Clones | April 1997

FMBR Editorial: April, 1997


Marshall Pease

There has been a good deal of uproar over the recent cloning of an adult sheep. People have seen this - almost certainly correctly - as a big step towards an ability to clone humans. This shocks many who apparently see it as a violation of what they hold sacred.

The likelihood of being able to clone humans in a near future does not surprise me. What does astonish me is that people are surprised. The possibility has seemed quite predictable, given the remarkable advances in biological and genetic techniques in recent years.
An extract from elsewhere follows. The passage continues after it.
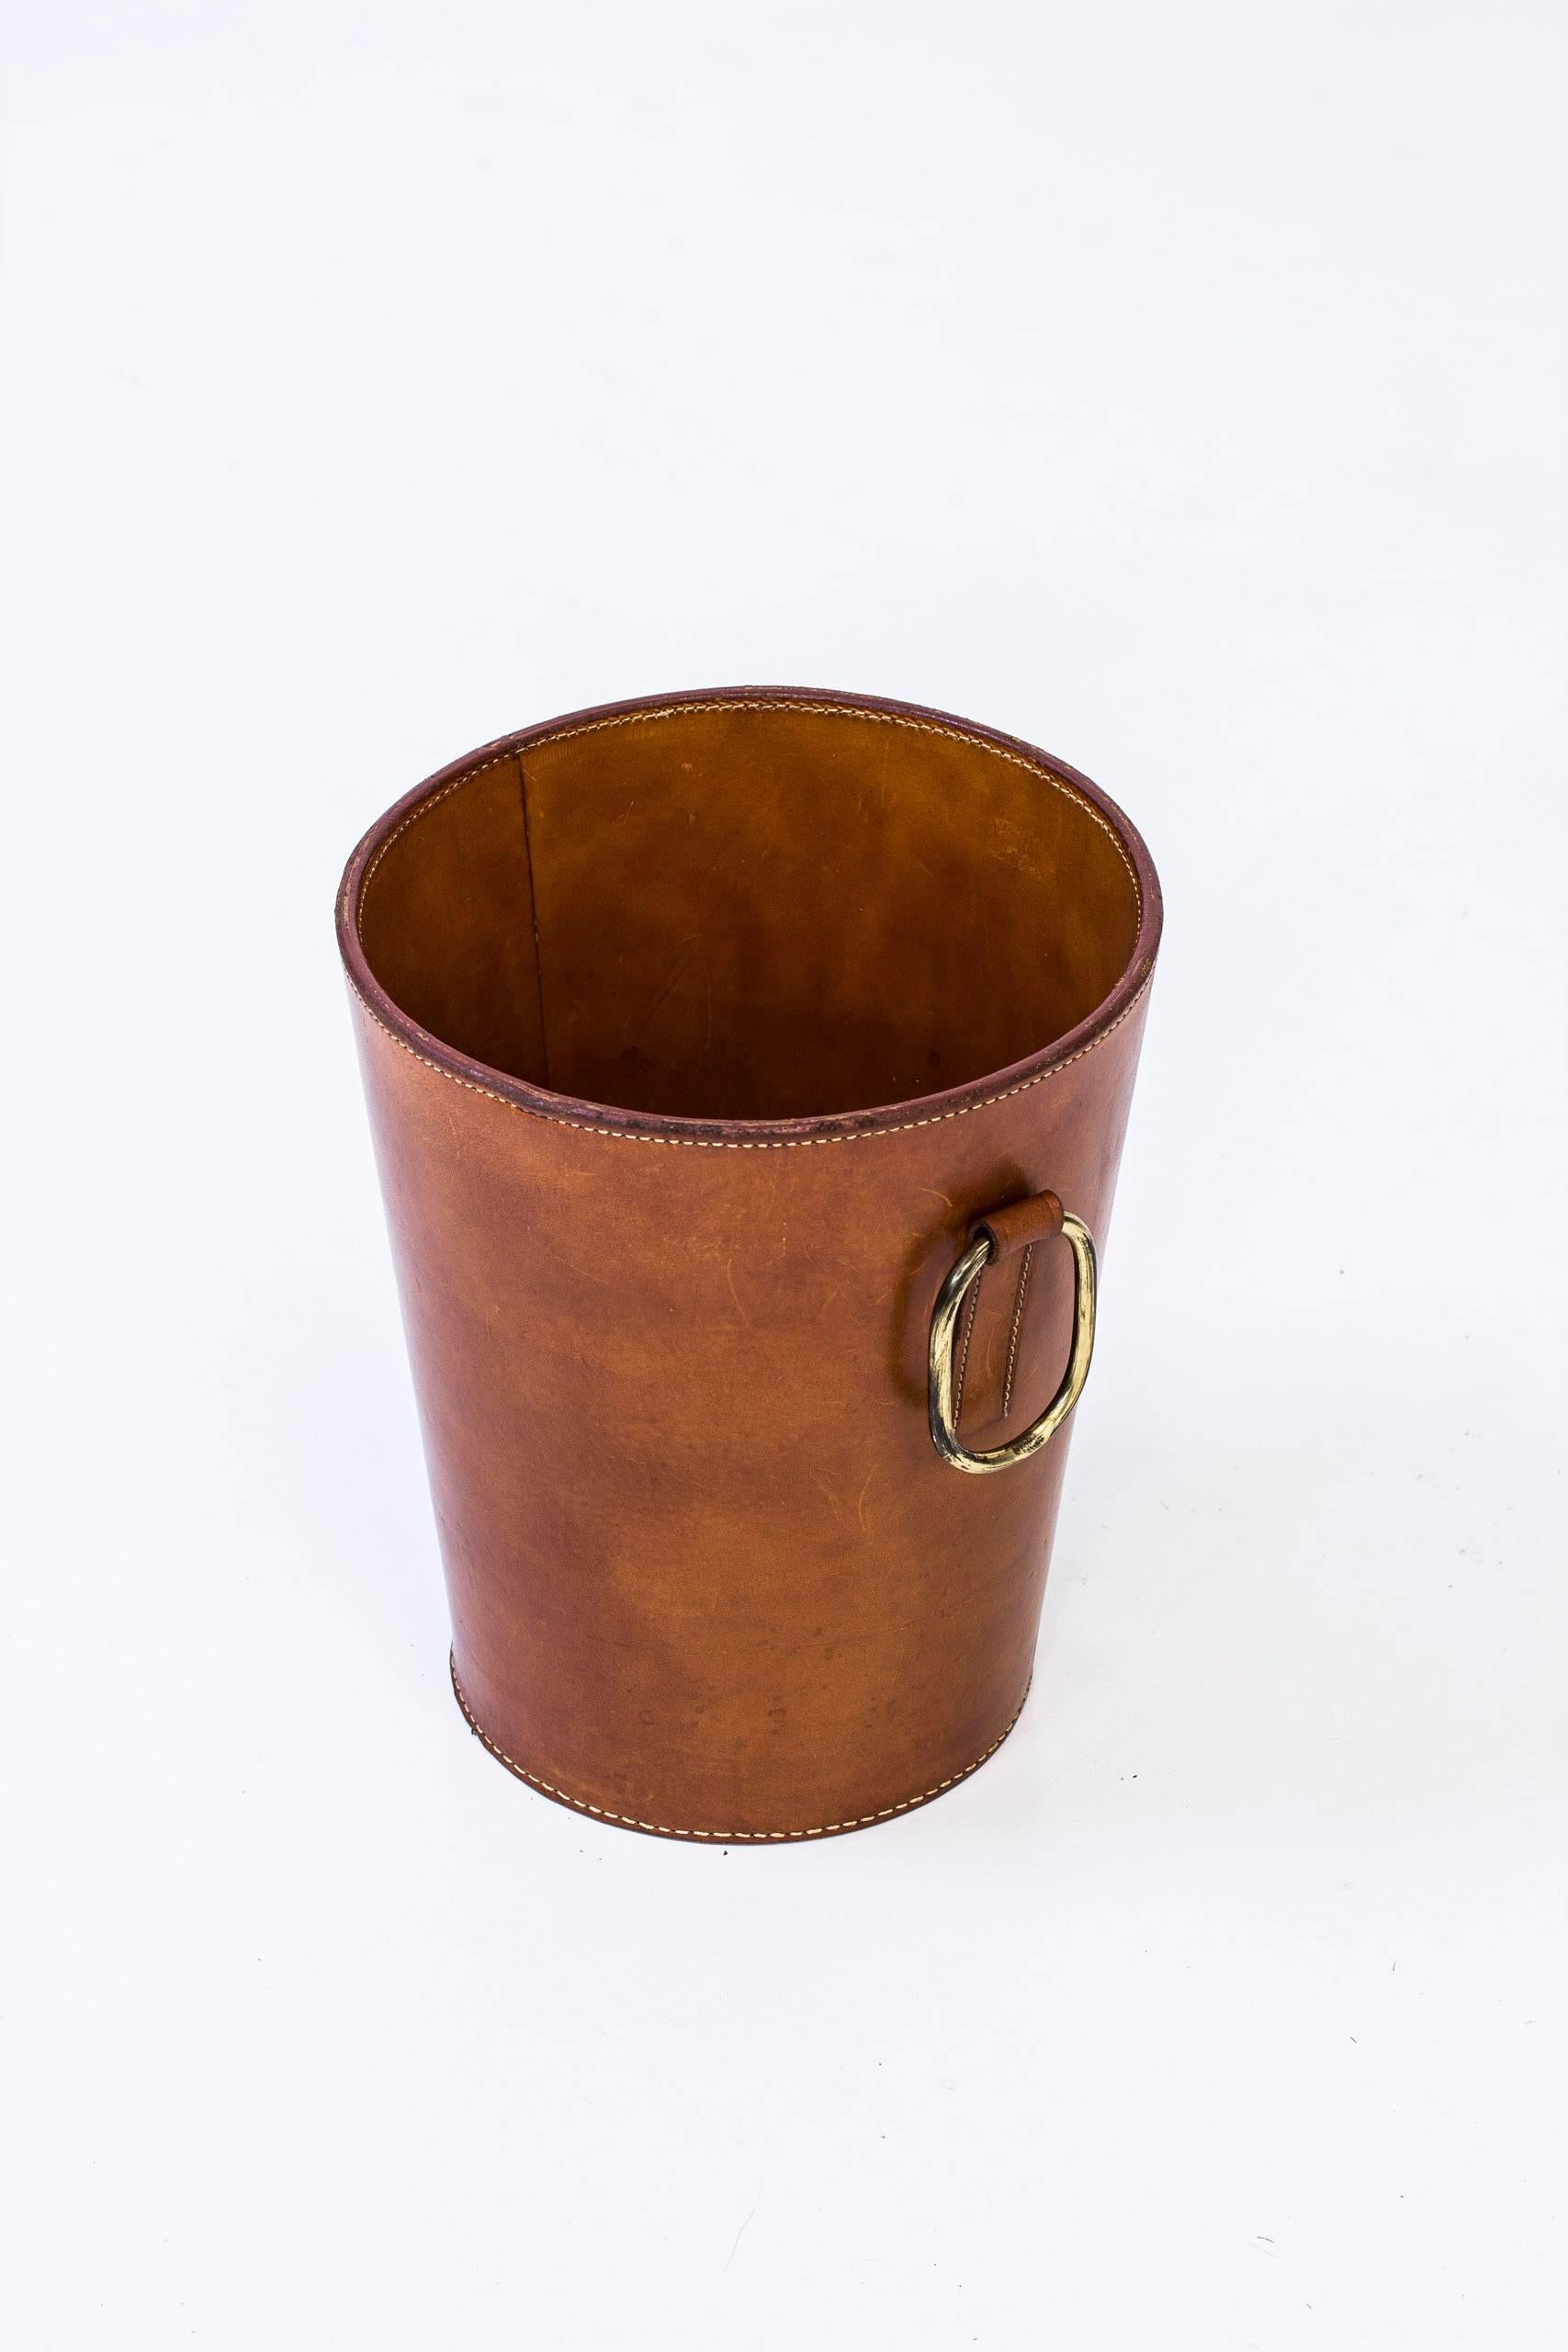 Waste paper basket designed by Carl Auböck. Handmade at his own workshop in Vienna, Austria. Made from two layers of thick natural leather. Hand-sewn together and decorated by a large brass hoop. Leather with perfect patina and all seams intact.

This does not deny the sociological and legal questions it poses, but why the panic?

Our current ability to control the genetics of food crops has already produced a revolution in agriculture that has made it possible to feed the world's current population. The ability to clone animals promises benefits on a similar scale. Whether we should welcome such an expansion is debatable, but the people will be there and need food!

However, the critical issue of cloning does not concern its practical benefits but the prospect of cloning humans. Some people see this as leading to less than human babies. I do not understand why. Any infant must grow through birth, infancy, childhood and all the rest of life. How will cloned infants be different? Of course they will have had an origin quite different from other infants. But why will this justify treating them as subhuman? Unfortunately, mankind has all too often demonstrated its capability to do just that - to label people as inferior on the basis of identifiable differences. If so, then human cloning will indeed be a moral tragedy - but the failure will be ours, not theirs!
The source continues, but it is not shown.